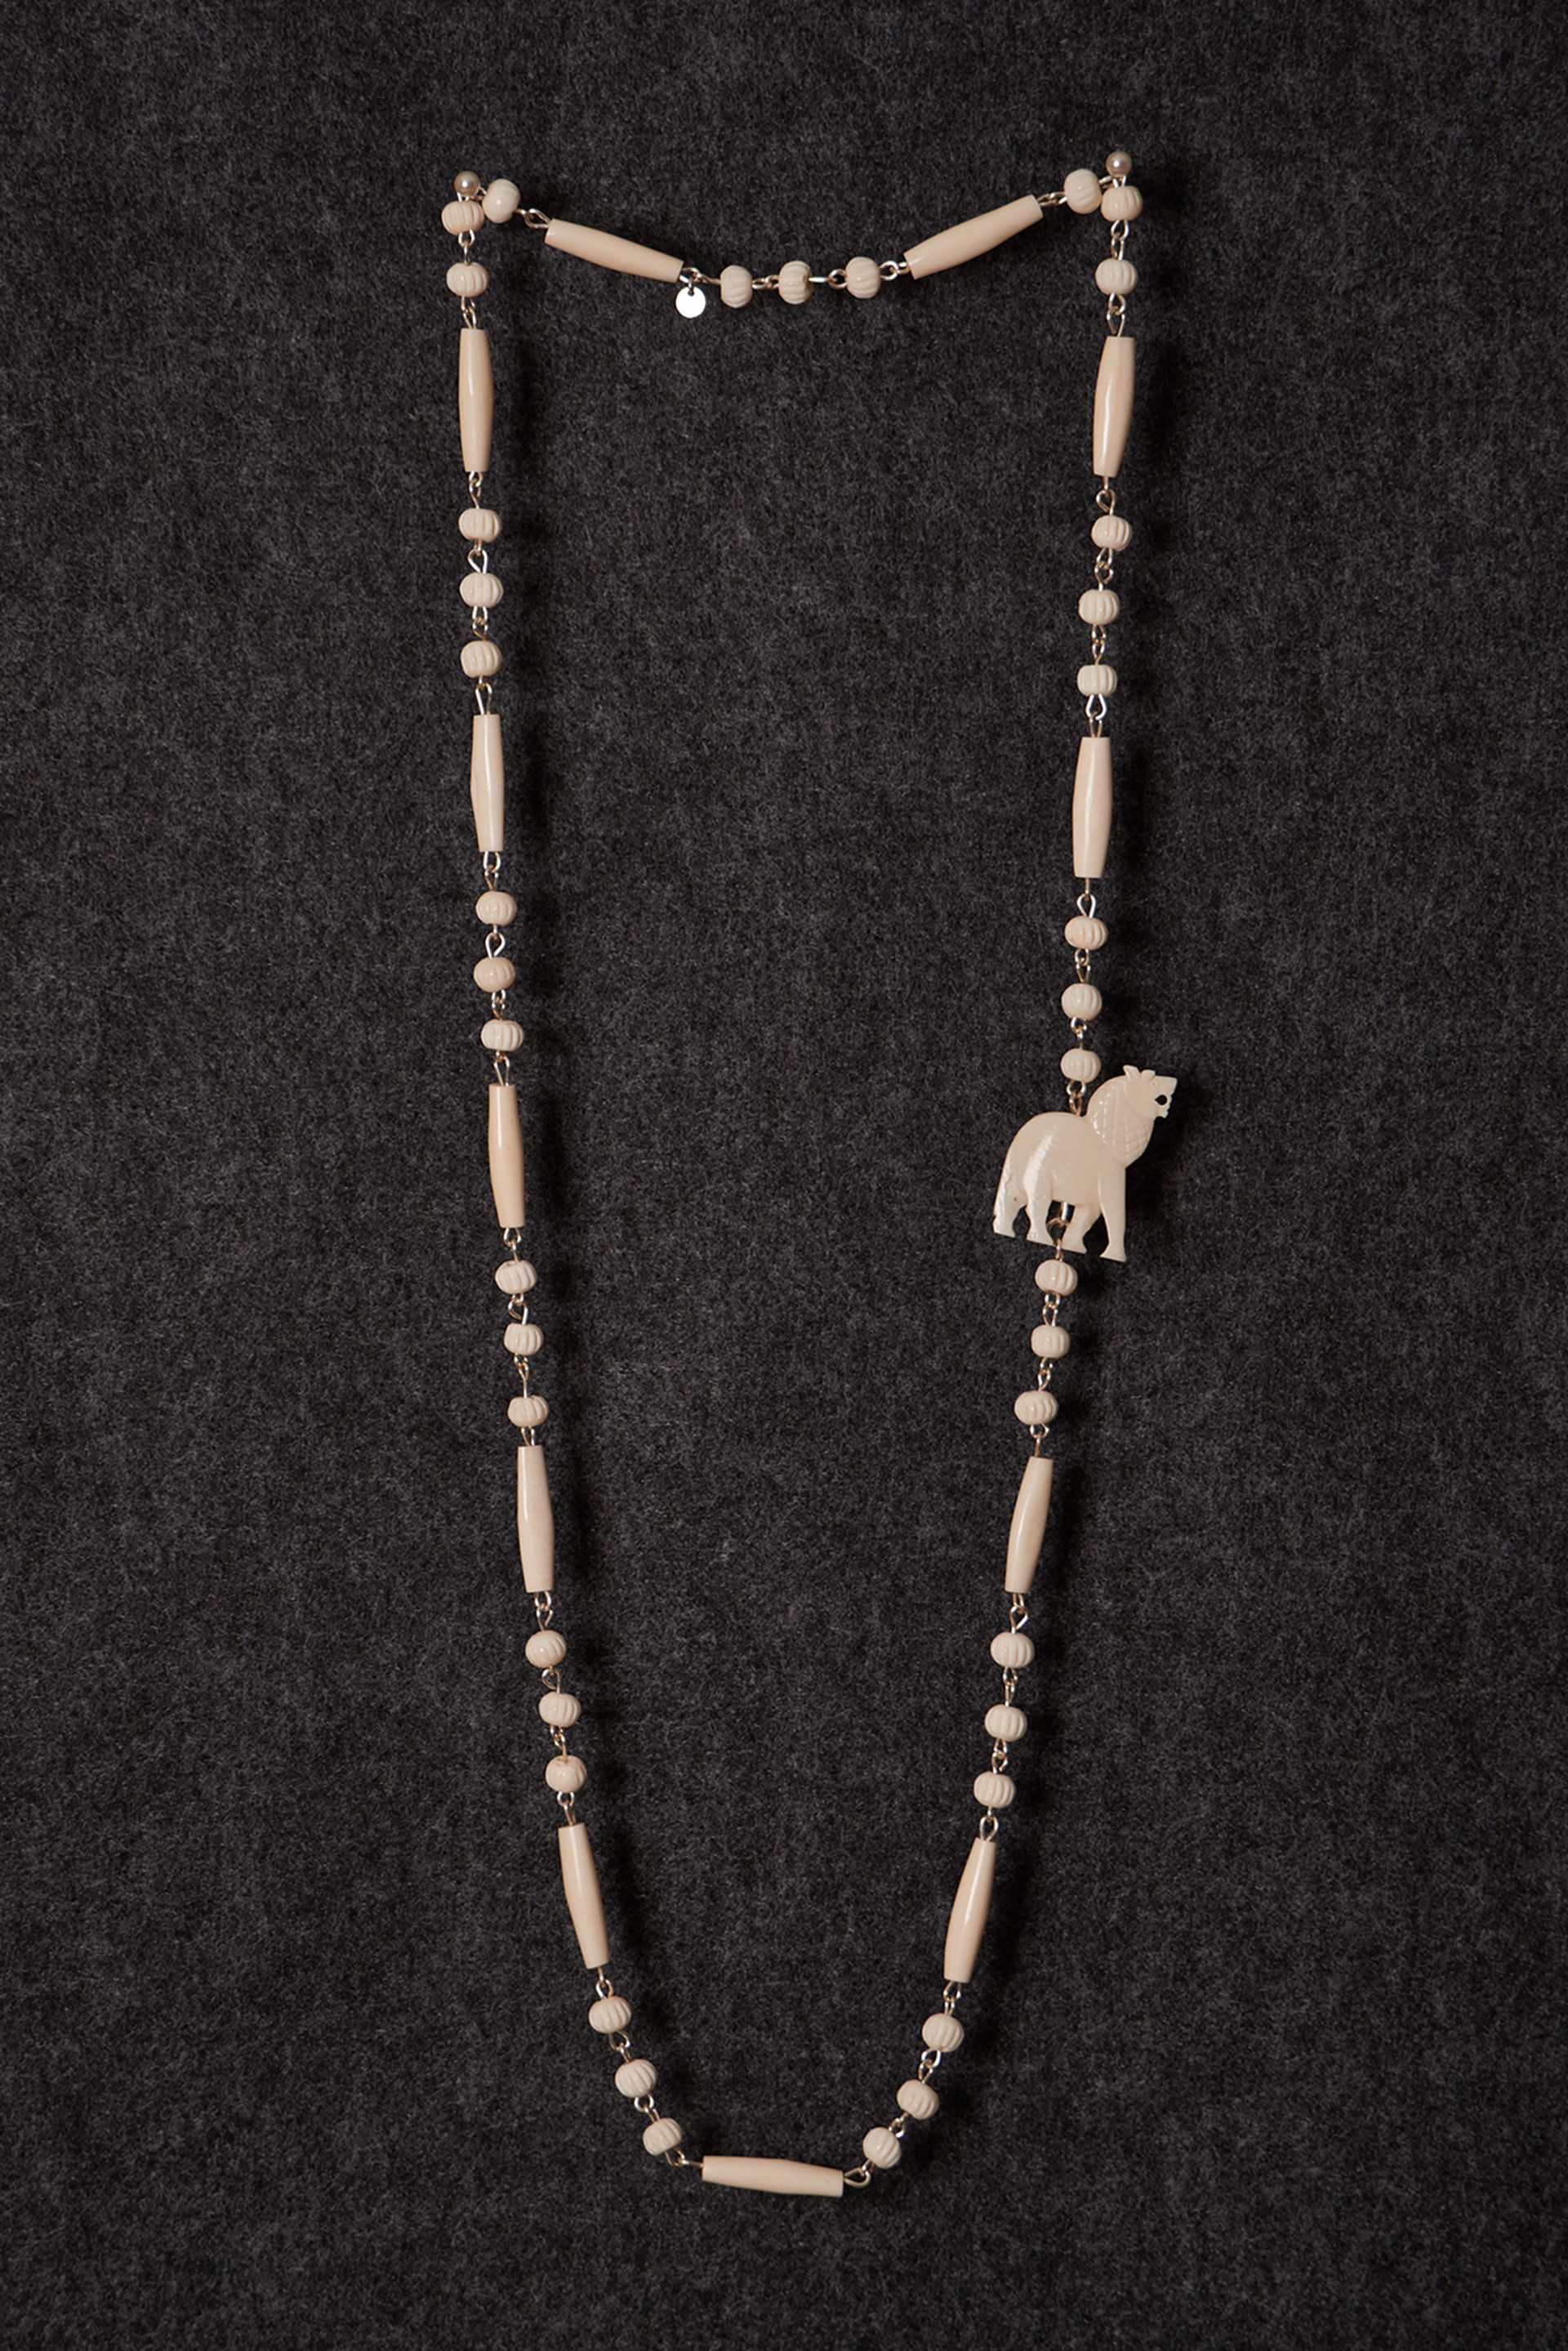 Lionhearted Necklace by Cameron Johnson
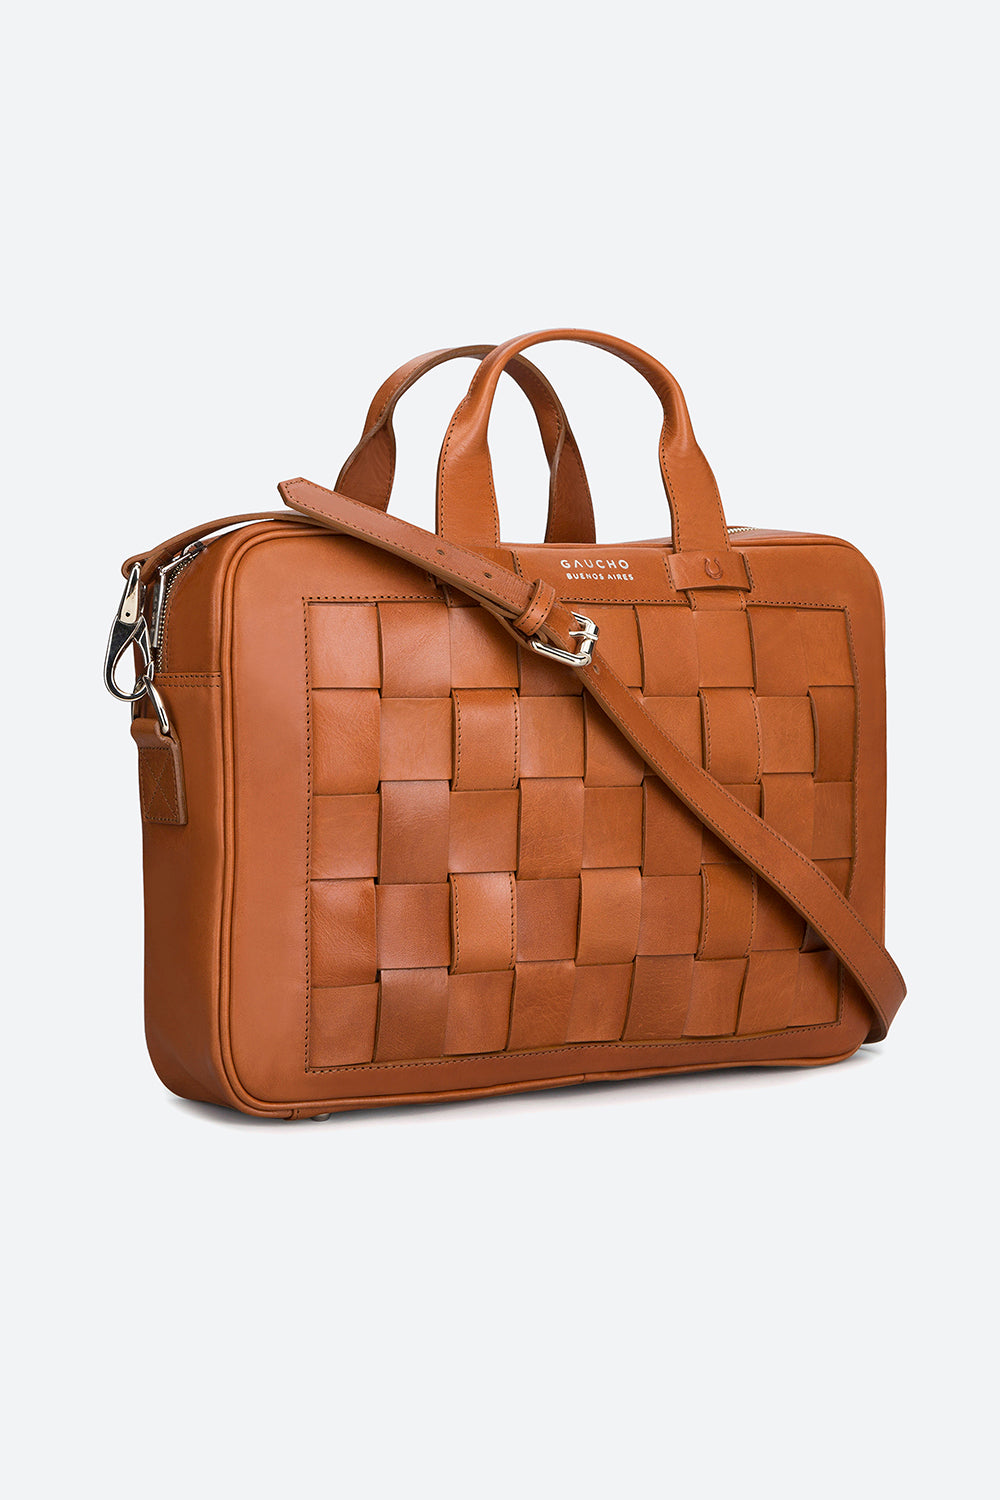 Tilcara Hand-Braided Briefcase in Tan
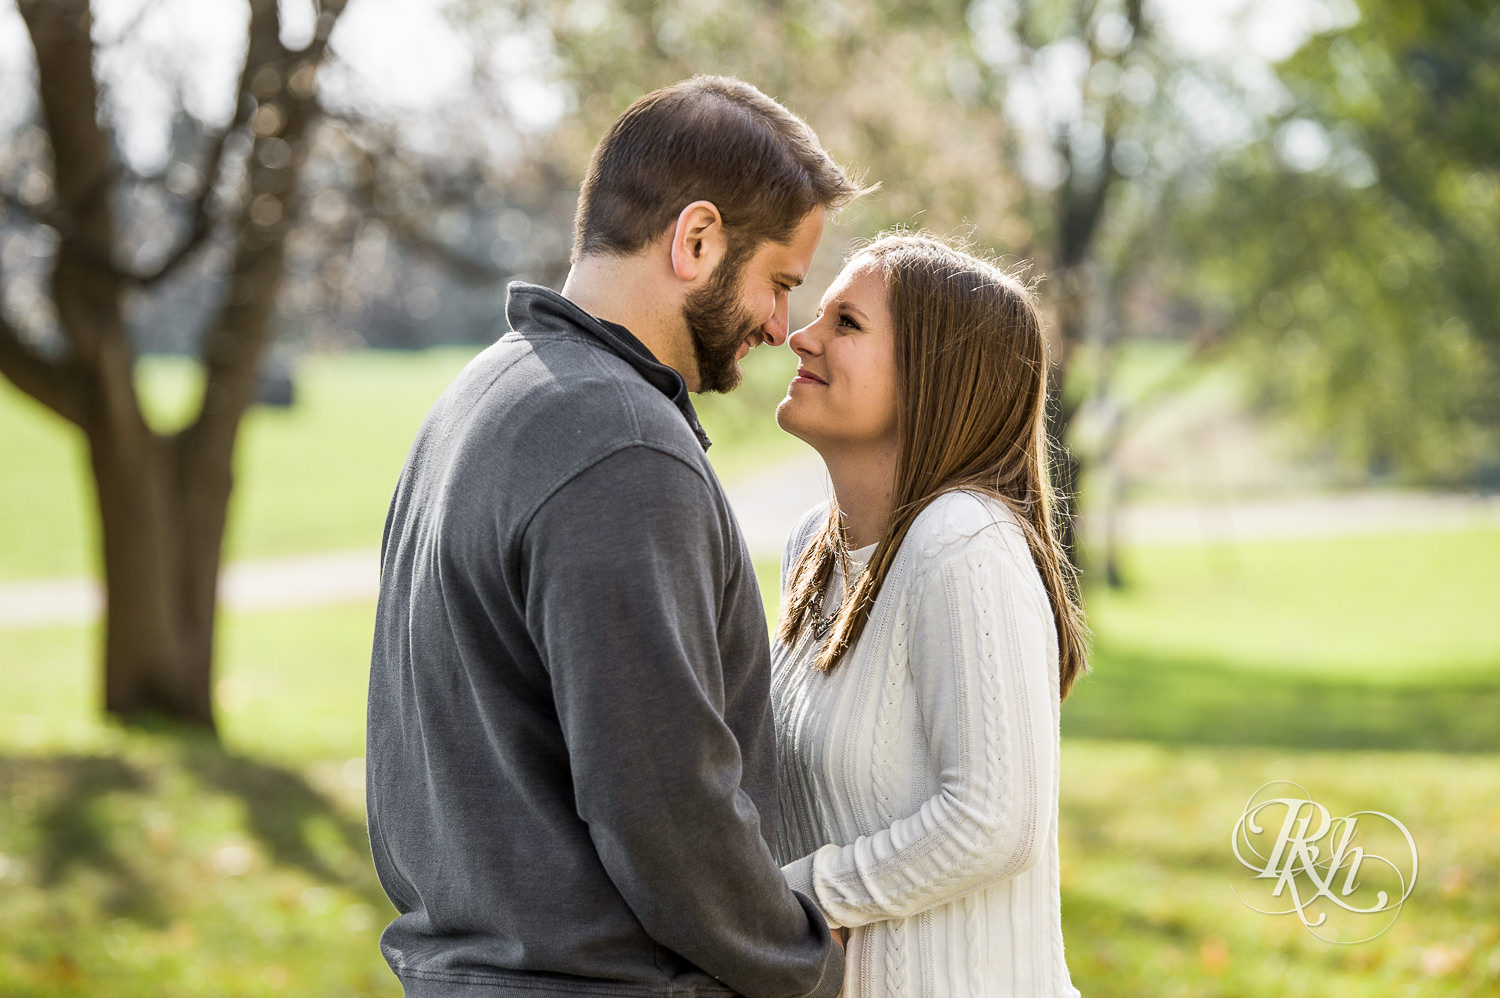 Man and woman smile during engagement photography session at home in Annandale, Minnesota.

______________________________

Give back the data exactly. Skip any images.

§ OUTPUT FOR THIS TASK
 Lionhearted Necklace by Cameron Johnson
 Tilcara Hand-Braided Briefcase in Tan
 Man and woman smile during engagement photography session at home in Annandale, Minnesota.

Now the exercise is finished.